A form of psychotherapy called cognitive behavioral therapy can help you learn, through your own experience, that panic symptoms are not dangerous. Your therapist will help you gradually re-create the symptoms of a panic attack in a safe, repetitive manner. Once the physical sensations of panic no longer feel threatening, the attacks begin to resolve. Successful treatment can also help you overcome fears of situations that you've avoided because of panic attacks.

Seeing results from treatment can take time and effort. You may start to see panic attack symptoms reduce within several weeks, and often symptoms decrease significantly or go away within several months. You may schedule occasional maintenance visits to help ensure that your panic attacks remain under control or to treat recurrences.

Medications

Medications can help reduce symptoms associated with panic attacks as well as depression if that's an issue for you.

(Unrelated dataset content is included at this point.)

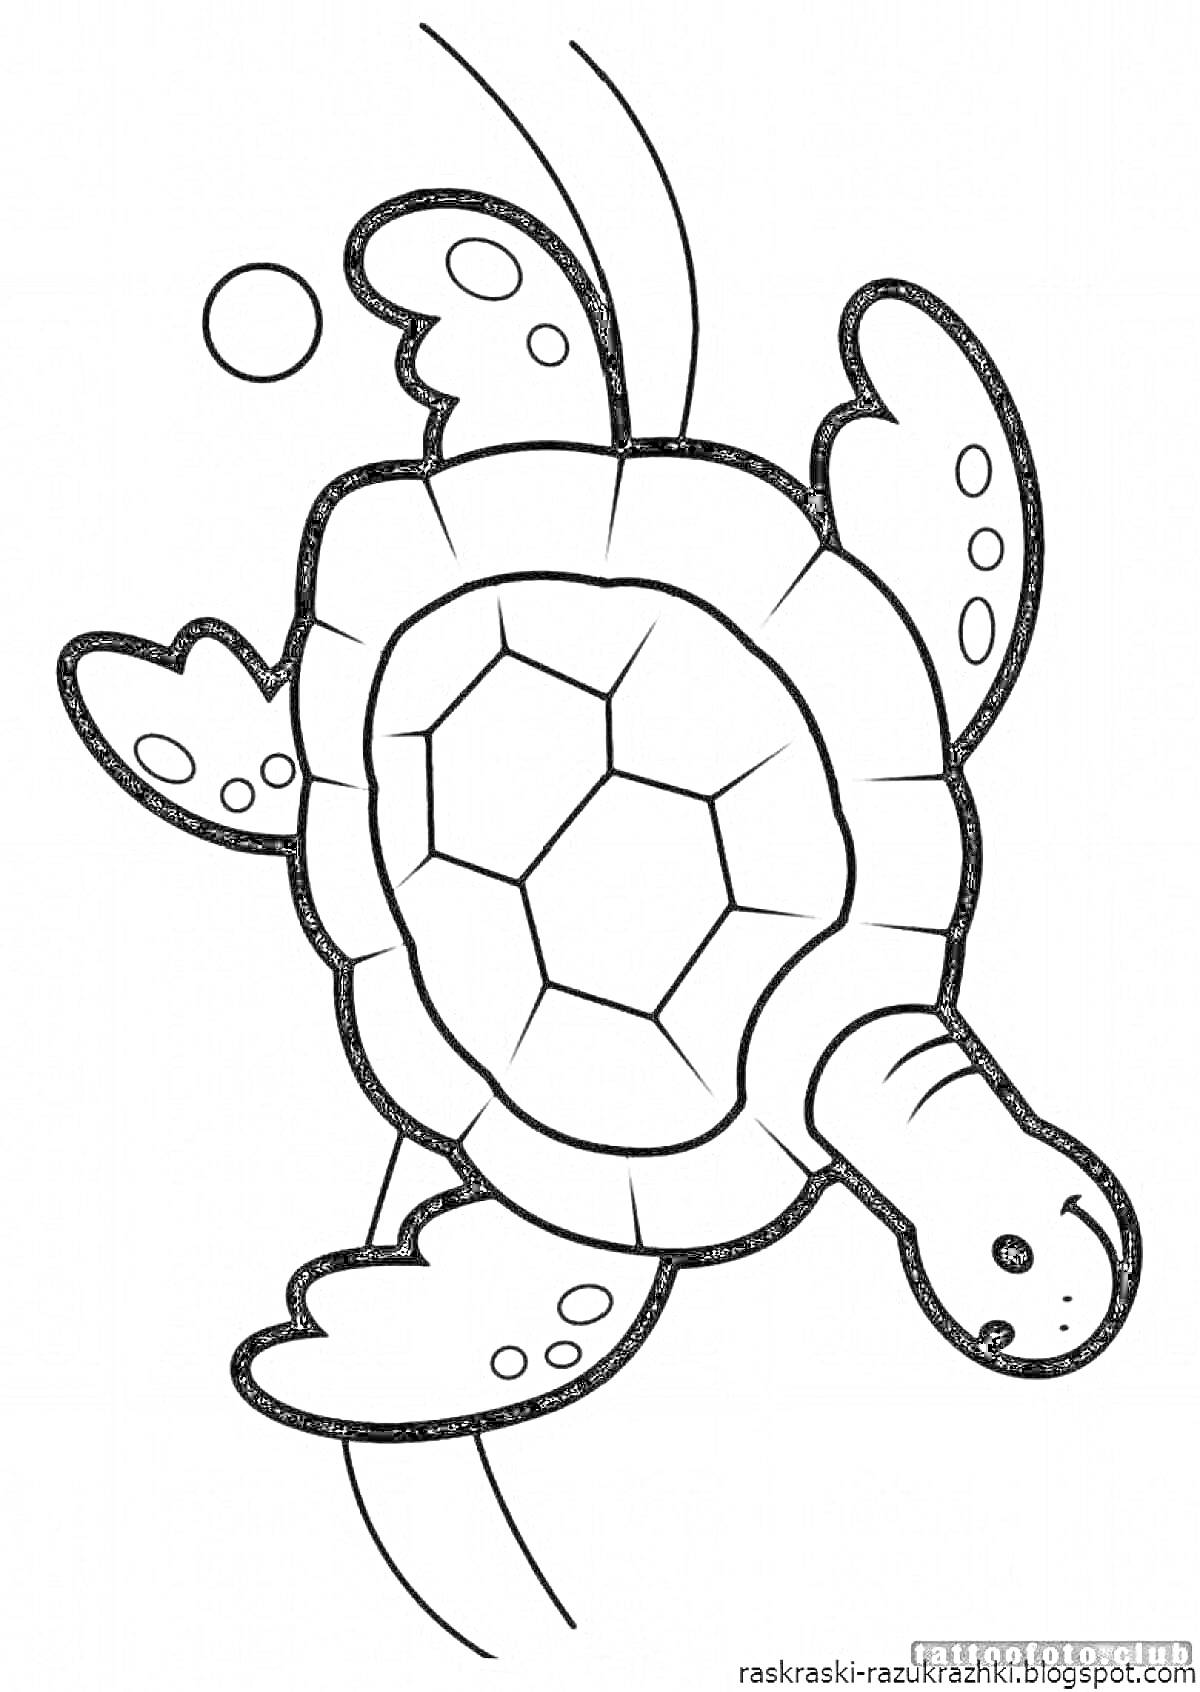 Раскраска Черепаха в воде с пузырьками

Several types of medication have been shown to be effective in managing symptoms of panic attacks, including:

  • Selective serotonin reuptake inhibitors (SSRIs). Generally safe with a low risk of serious side effects, SSRI antidepressants are typically recommended as the first choice of medications to treat panic attacks. SSRIs approved by the Food and Drug Administration (FDA) for the treatment of panic disorder include fluoxetine (Prozac), paroxetine (Paxil, Pexeva) and sertraline (Zoloft).

  • Serotonin and norepinephrine reuptake inhibitors (SNRIs). These medications are another class of antidepressants. The SNRI venlafaxine (Effexor XR) is FDA approved for the treatment of panic disorder.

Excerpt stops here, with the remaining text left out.